Description
This came out of running some analysis on hyperparameters in our nn-descent UMAP
implementation, but seems to affect both build algos (indicating it's an issue in the steps after building the knn graph).
On sufficiently wide datasets, the embedding_
produced by cuml.UMAP
includes some significant outliers that aren't found in the umap.UMAP
implementation.
Reproducer (this takes a few minutes to run due to the CPU implementation):
import time
import umap
import cuml
from sklearn.datasets import make_blobs
def fit_and_evaluate(label, umap, X, cpu=None):
start = time.time()
umap.fit(X)
duration = time.time() - start
mins = int(duration // 60)
secs = duration % 60
print(f"{label}:")
print(f"- time: {mins:02d}:{secs:05.2f}")
print(f"- min: {umap.embedding_.min(axis=0).tolist()}")
print(f"- max: {umap.embedding_.max(axis=0).tolist()}")
if cpu is not None:
# semi-arbitrarily define outliers as points outside 2 stds of cpu bounds
cpu_min = cpu.embedding_.min(axis=0)
cpu_max = cpu.embedding_.max(axis=0)
cpu_std = cpu.embedding_.std(axis=0)
lower_bound = cpu_min - (2 * cpu_std)
upper_bound = cpu_max + (2 * cpu_std)
n_outliers = (
((umap.embedding_ < lower_bound) | (umap.embedding_ > upper_bound))
.any(axis=1)
.sum()
)
print(f"- n_outliers: {n_outliers}")
# Fit 3 different UMAPs
common = {"n_neighbors": 15, "init": "random"}
umap_nnd = cuml.UMAP(build_algo="nn_descent", **common)
umap_bf = cuml.UMAP(build_algo="brute_force_knn", **common)
umap_cpu = umap.UMAP(**common)
X, _ = make_blobs(centers=10, n_features=512, n_samples=500_000)
fit_and_evaluate("CPU", umap_cpu, X)
fit_and_evaluate("NN-Descent", umap_nnd, X, cpu=umap_cpu)
fit_and_evaluate("Brute Force KNN", umap_bf, X, cpu=umap_cpu)
Output:
CPU:
- time: 04:41.46
- min: [-7.943415641784668, -8.329208374023438]
- max: [17.919870376586914, 15.174100875854492]
NN-Descent:
- time: 00:05.88
- min: [-646.9306030273438, -815.4732055664062]
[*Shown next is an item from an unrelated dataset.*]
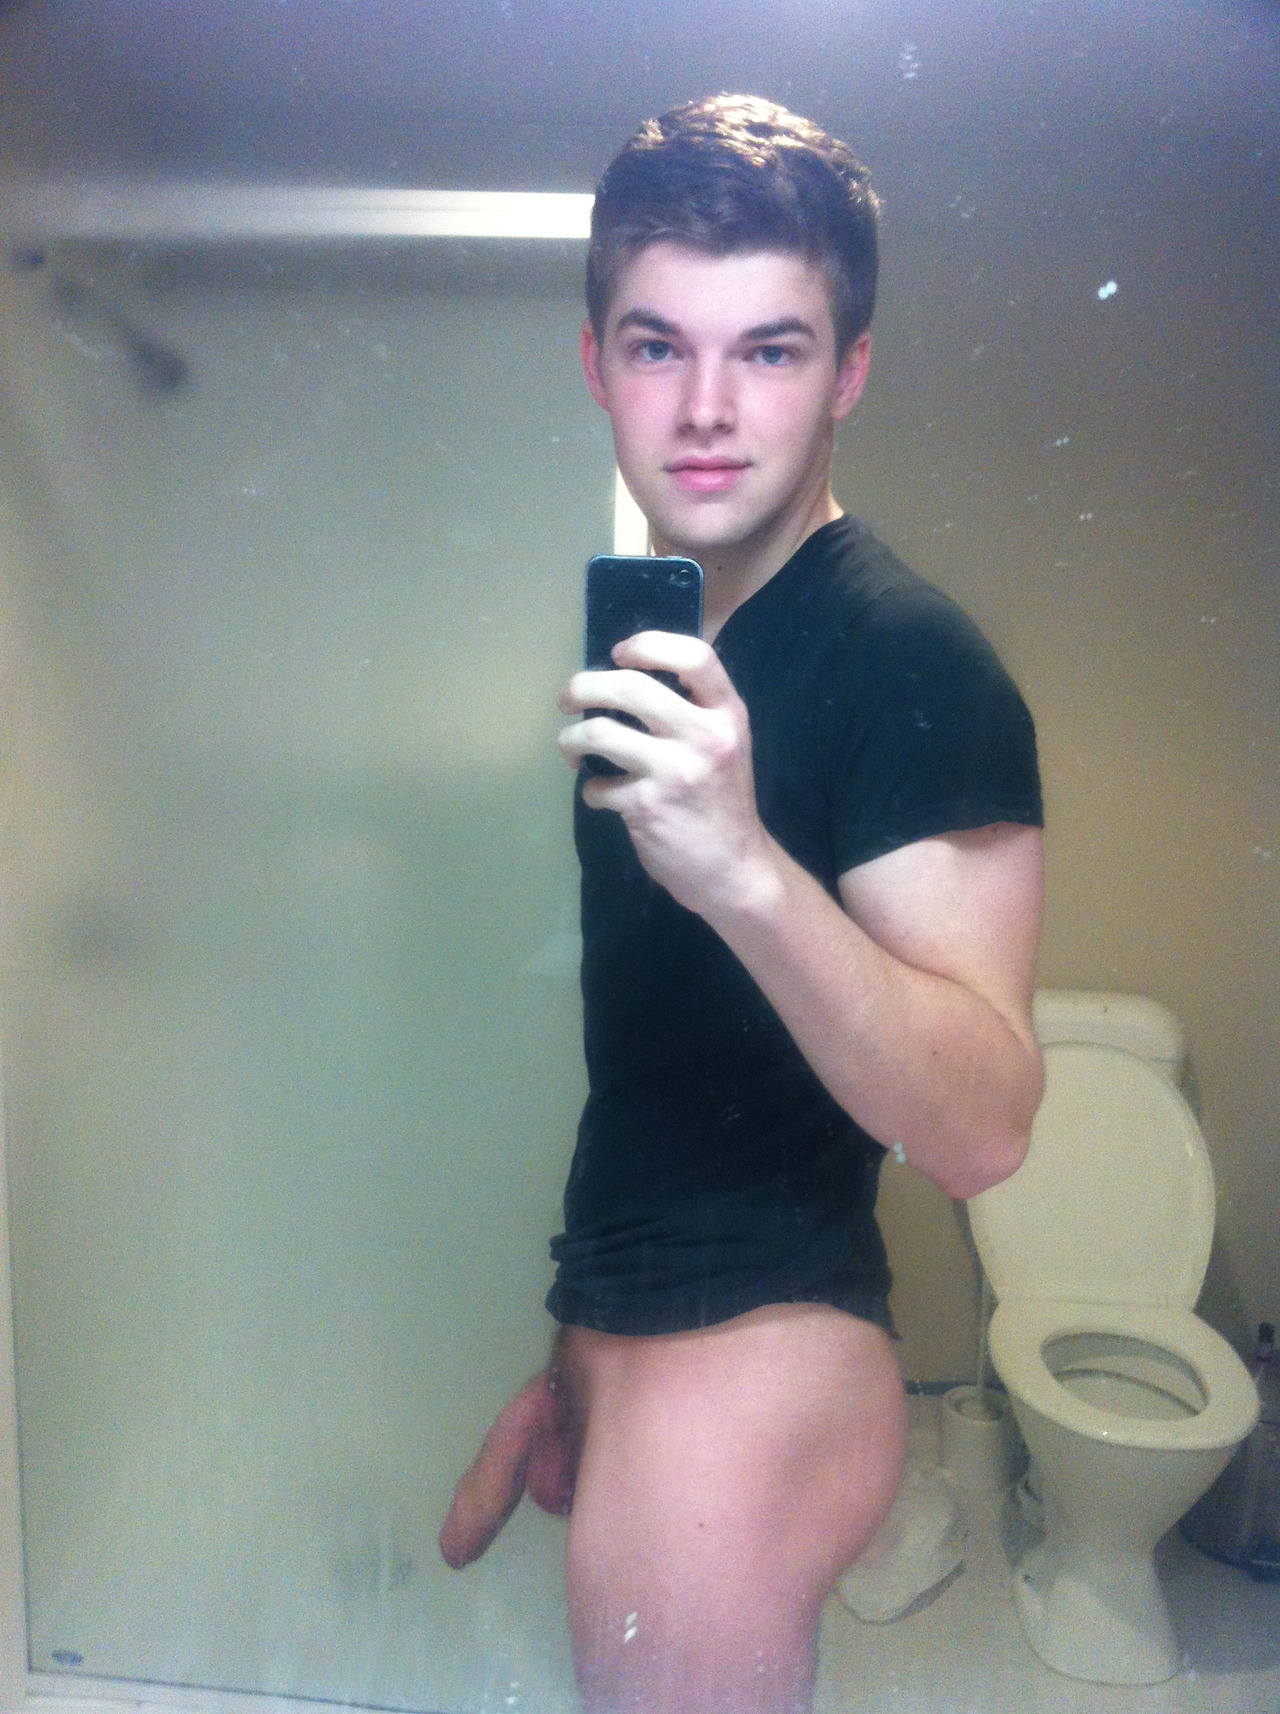 фото голого парня в туалете

- max: [782.5948486328125, 438.62982177734375]
- n_outliers: 72
Brute Force KNN:
- time: 00:35.99
- min: [-263.966796875, -427.2183837890625]
- max: [260.0986328125, 11.626998901367188]
- n_outliers: 33
NN-Decent does worse than Brute Force KNN in all runs I've done, but the difference is run dependent. Some runs brute force doesn't appear as bad. I think this probably means the input KNN graph has an influence here, but the actual bug is probably downstream of the knn graph construction.
The actual plots generated here appear pretty identical across all 3 versions once the GPU versions are trimmed to exclude things outside the 0.005/0.955 quantiles (a stricter definition of "outlier" than used above). Without this trimming the plots have a much larger bounds since the min/max on the GPU versions are sometimes orders-of-magnitude larger than the CPU version.